* _Source data_
####################

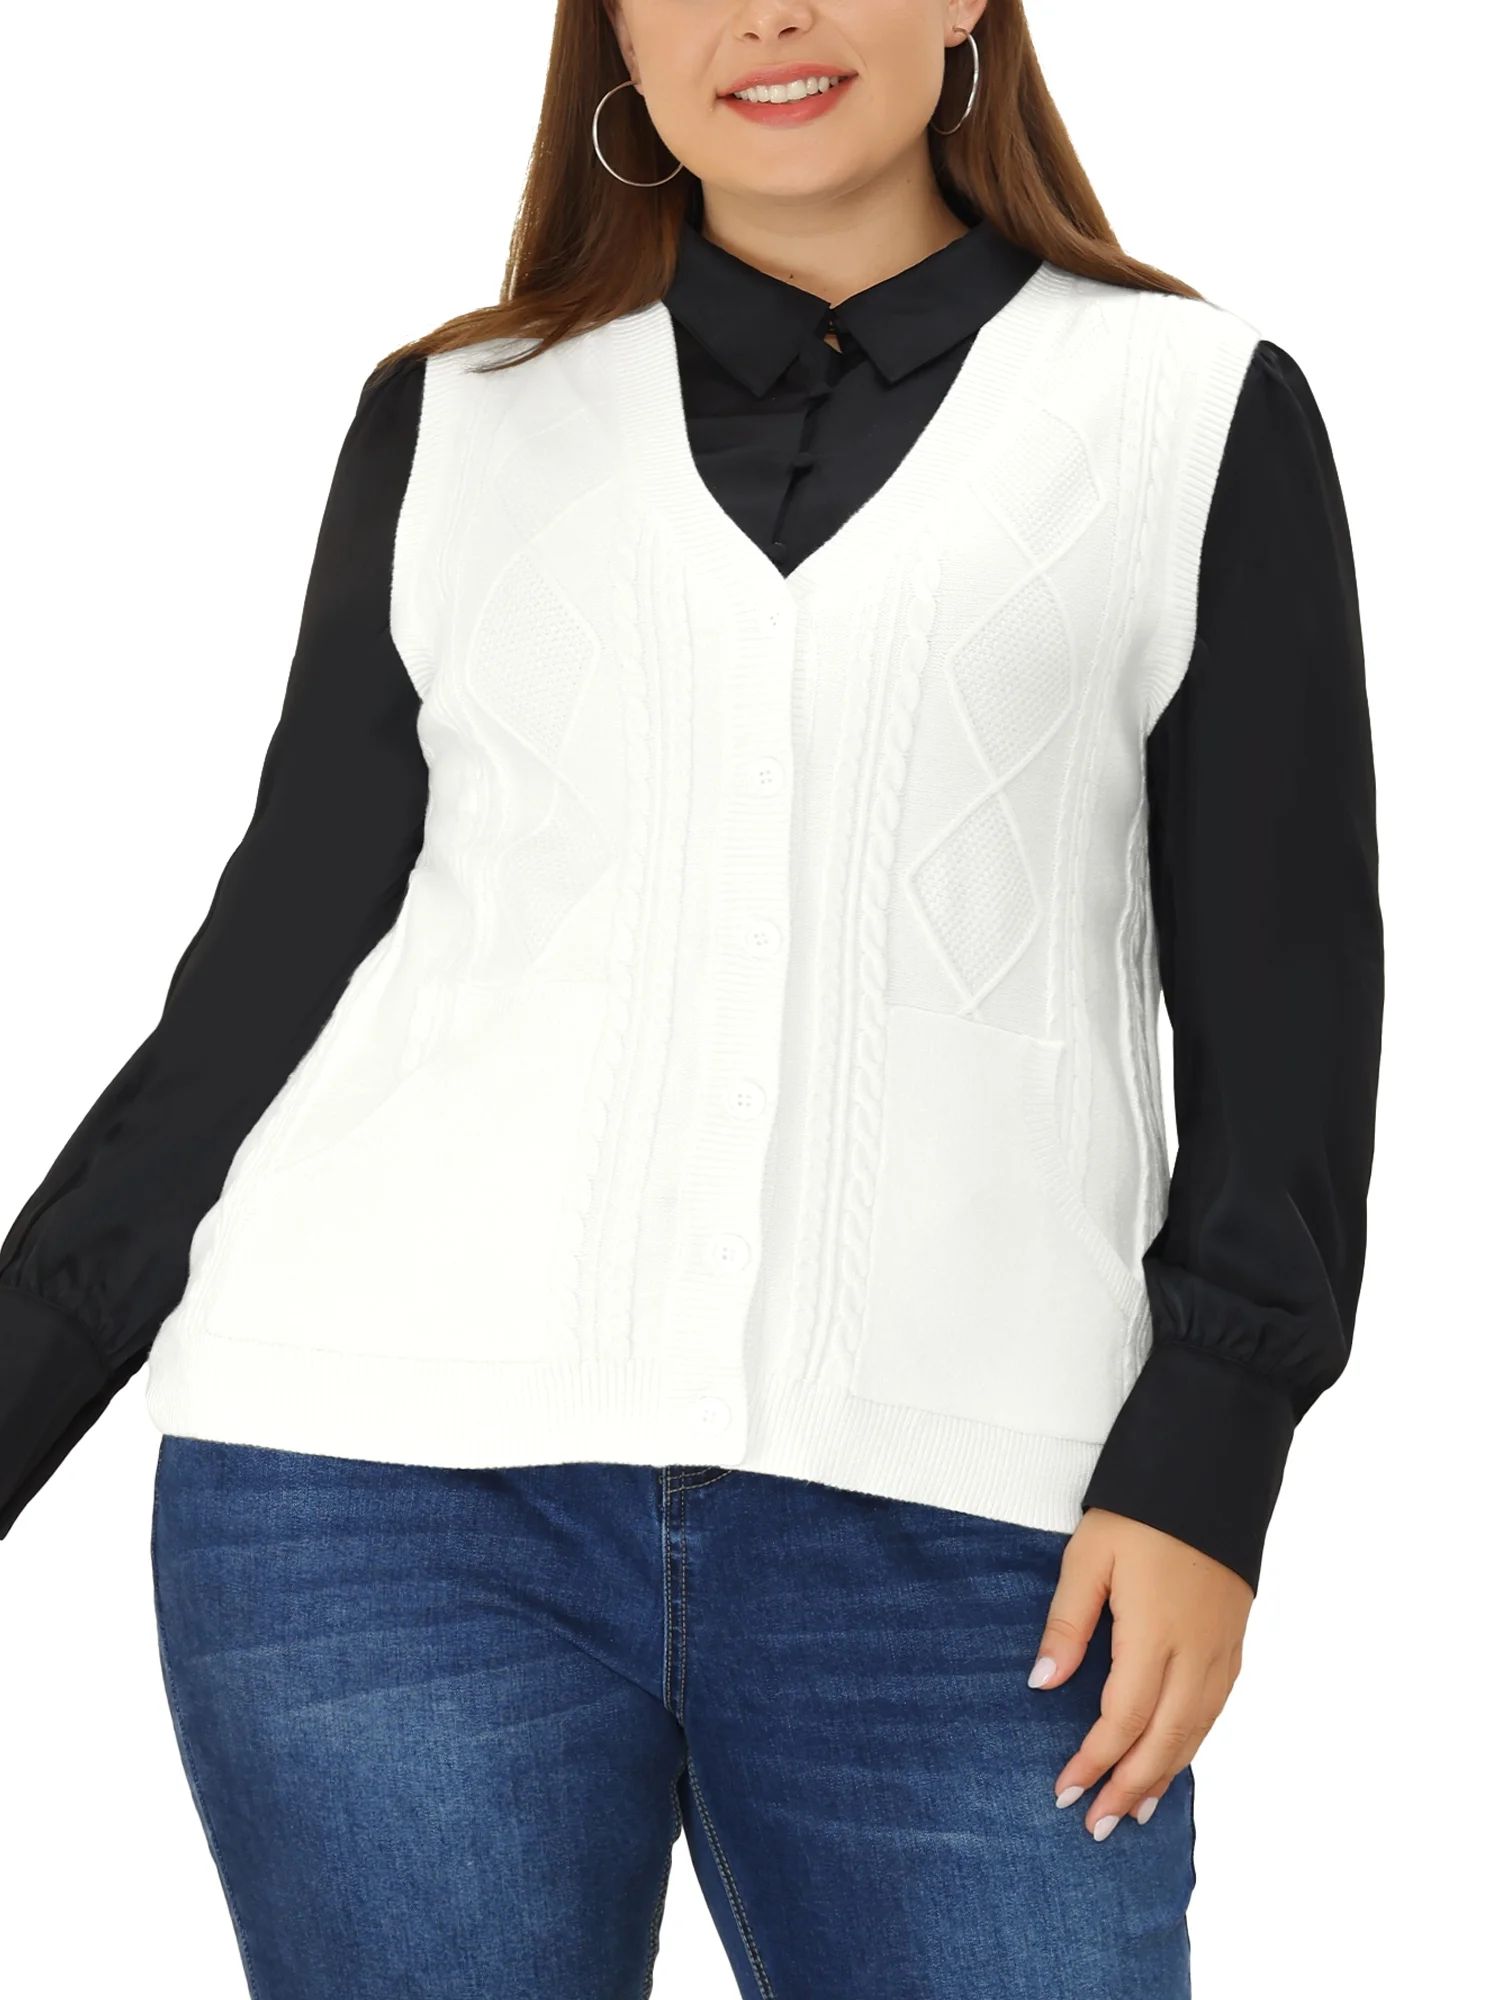 Unique Bargains Women's Plus Size Cable Knit Sweater Pocket Cardigan Vests - Walmart.com | Walmart (US)
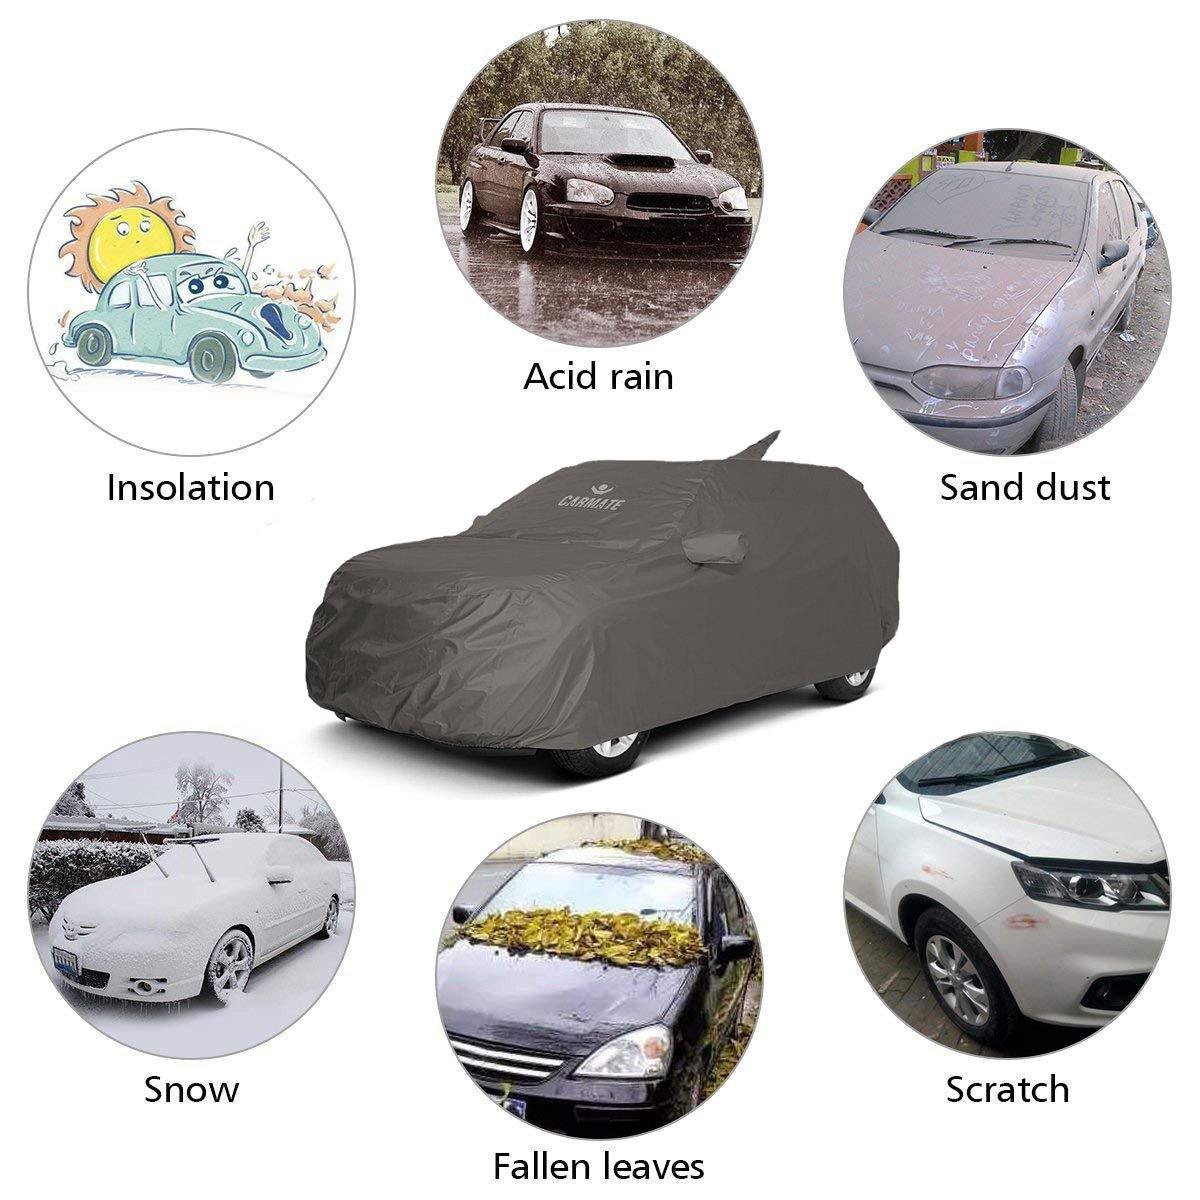 Carmate Car Body Cover 100% Waterproof Pride (Grey) for Hyundai - I20 Active - CARMATE®
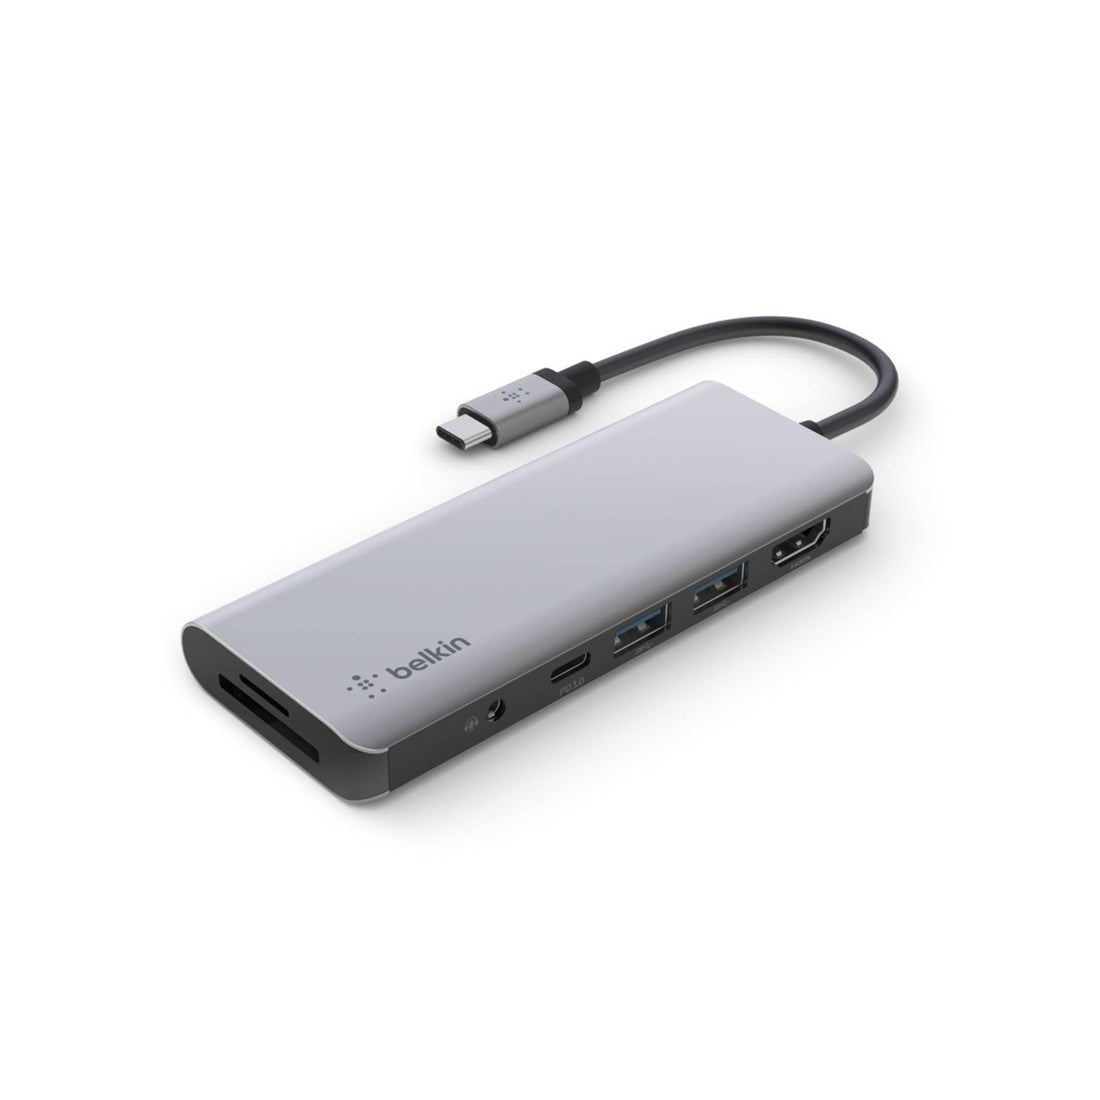 Belkin USB-C 7-in-1 Multiport Adapter - موزع - Store 974 | ستور ٩٧٤
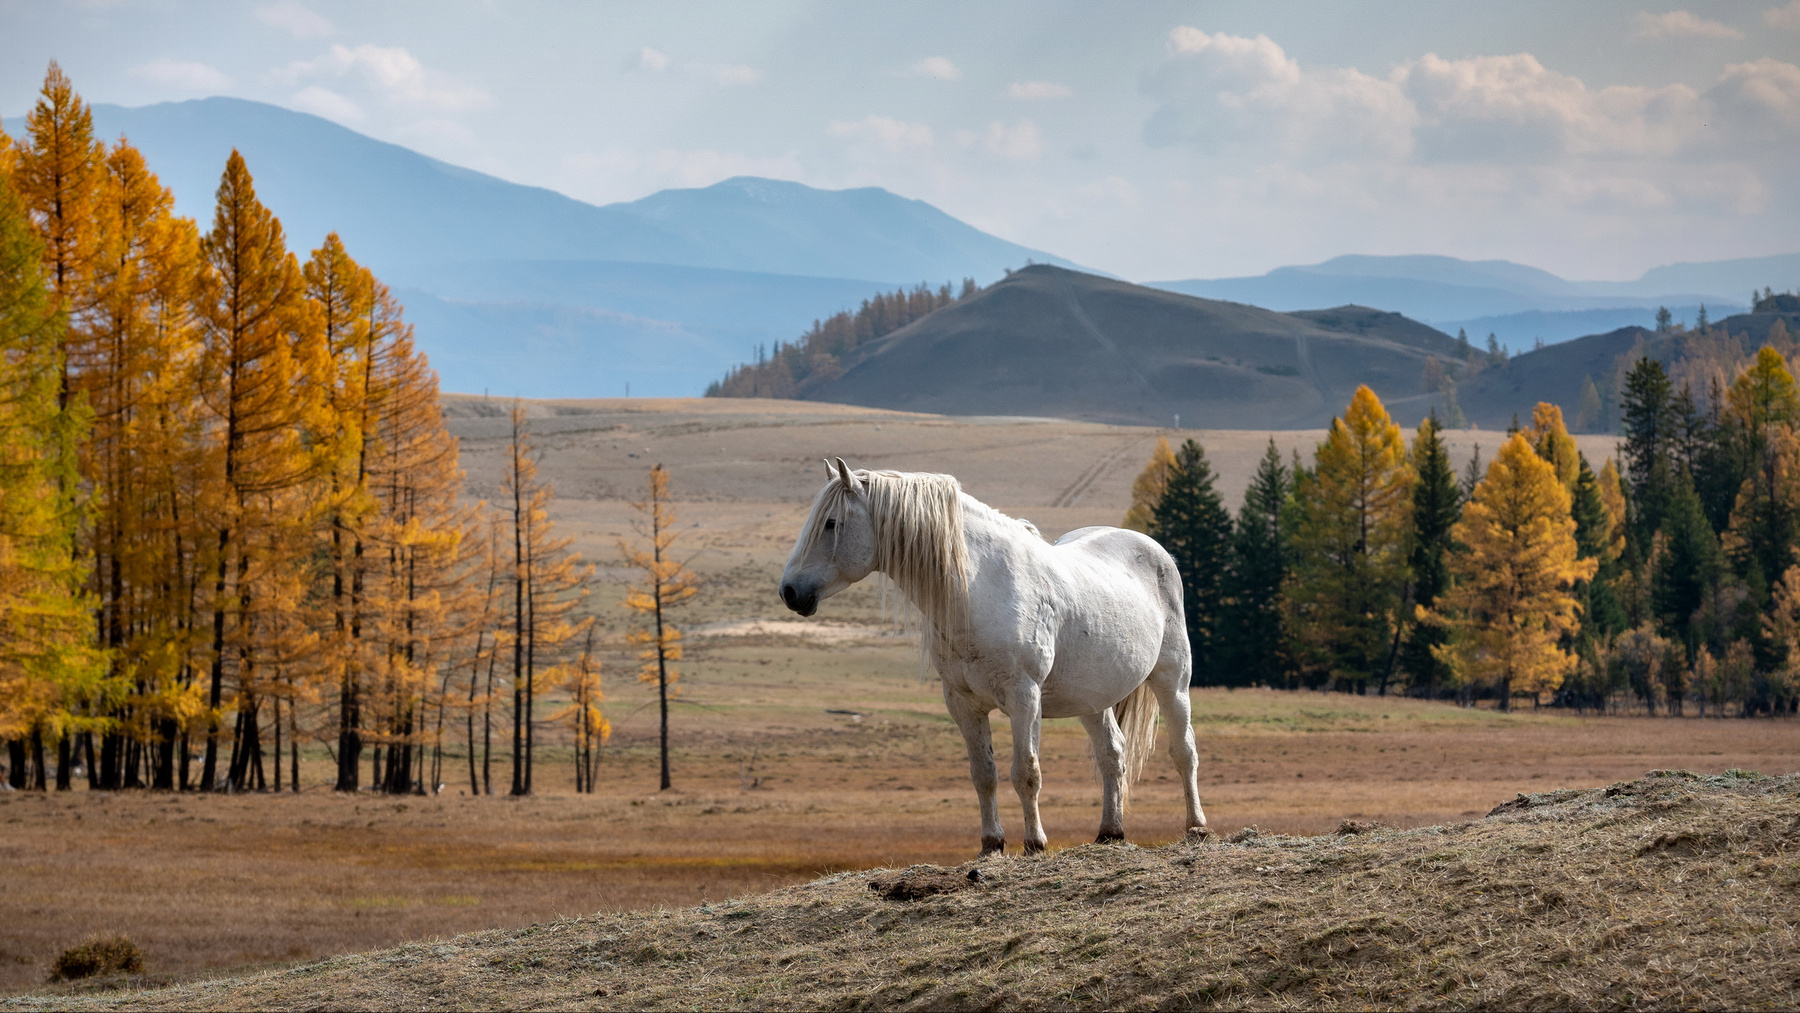 Вожак. горы алтай горный солнце белый конь лошадь животные красота ник васильев осень золотая

####################

What you give back must match the material word for word, with no images included.

 Unique Bargains Women's Plus Size Cable Knit Sweater Pocket Cardigan Vests - Walmart.com | Walmart (US)
 Carmate Car Body Cover 100% Waterproof Pride (Grey) for Hyundai - I20 Active - CARMATE®
 Belkin USB-C 7-in-1 Multiport Adapter - موزع - Store 974 | ستور ٩٧٤
 Вожак. горы алтай горный солнце белый конь лошадь животные красота ник васильев осень золотая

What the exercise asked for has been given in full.